Effect of acupuncture for temporomandibular disorders: a randomized clinical trial

This randomized controlled clinical trial investigated the efficacy of acupuncture in the treatment of temporomandibular disorder (TMD), a condition that affects 11-33% of the population and represents the leading cause of facial pain and the second leading cause of musculoskeletal conditions. The study was conducted at a traditional Chinese medicine hospital in Beijing, between April 2019 and July 2022, following rigorous methodological standards including adequate randomization, blinding of participants and assessors, and intention-to-treat analysis. Sixty participants with pain-related TMD, diagnosed by DC/TMD criteria, were randomized to receive real or sham acupuncture. The real acupuncture group received treatment at specific points (LI-4 and GB-34 bilaterally, SI-19, ST-6, and ST-7 on the affected side) with stainless steel needles penetrating the skin and de qi elicitation.

The control group received sham acupuncture using the Park device with blunt needles that did not penetrate the skin, maintaining the appearance of real treatment. Both groups received three weekly sessions for four weeks, totaling 12 sessions. The primary outcome was the change in mean weekly pain intensity from baseline to week 4, measured by visual analog scale in pain diaries completed by patients. The results demonstrated significant superiority of real acupuncture over sham.

The difference in pain reduction was -1.49 points (95% CI: -2.32 to -0.65; P<0.001) at week 4, remaining significant at week 8 (-1.33 points; P=0.001). Clinically, 86.7% of patients in the acupuncture group achieved at least 30% pain reduction compared to 43.3% in the sham group, while 53.3% versus 20.0% achieved at least 50% reduction. In addition to pain improvement, real acupuncture produced significant improvements in mandibular function, including pain-free mouth opening, maximum assisted and unassisted opening, and protrusive and lateral movements. Participants also experienced significant reductions in graded chronic pain scales, jaw functional limitations, depression, anxiety, stress, and sleep quality.

Interestingly, no significant differences between groups were observed in pressure pain thresholds or surface electromyography, suggesting that the mechanisms of action may be more central than peripheral. Safety was excellent, with only two mild adverse events in the acupuncture group (subcutaneous hematoma and post-needling pain) and none in the sham group. Blinding was effective, as evidenced by the Bang index and balanced distribution of participants' perceptions of which treatment they received. The clinical implications are substantial, considering that conservative treatment options for TMD are limited and often have questionable efficacy or adverse effects.

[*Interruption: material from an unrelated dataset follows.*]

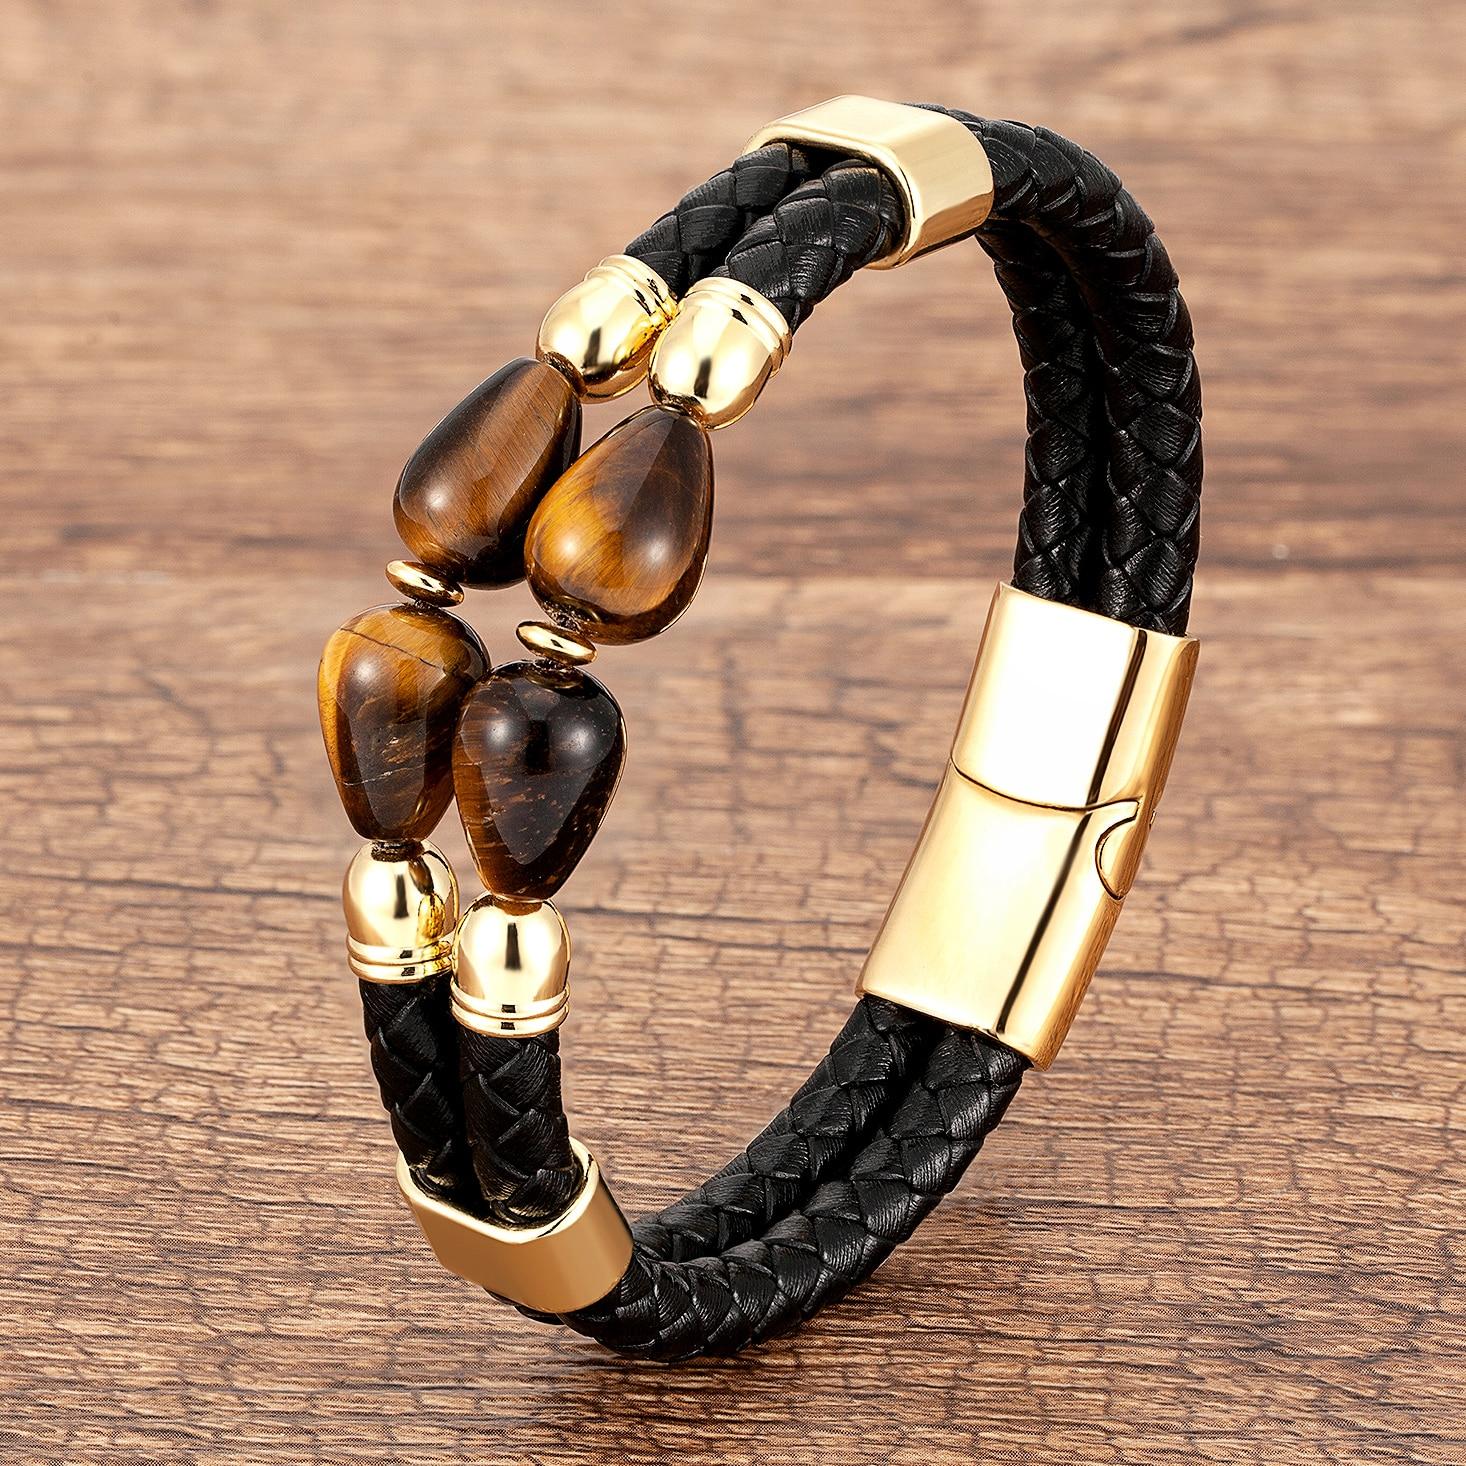 100% Natural Tiger Eye Bracelet Men Charm Multilayer Black Leather Stainless Steel Magnetic Buckle

Acupuncture demonstrated effect sizes comparable to pharmacological treatments such as propranolol (-1.8) and botulinum toxin (-1.16), but with a superior safety profile. The study has limitations including being single-center, a relatively small sample, the impossibility of blinding acupuncturists, and a cultural context favorable to acupuncture in China. However, the methodological strengths, including use of validated diagnostic criteria, diary-derived outcomes to avoid recall bias, excellent participant retention, and exploration of long-term effects, lend high credibility to the findings.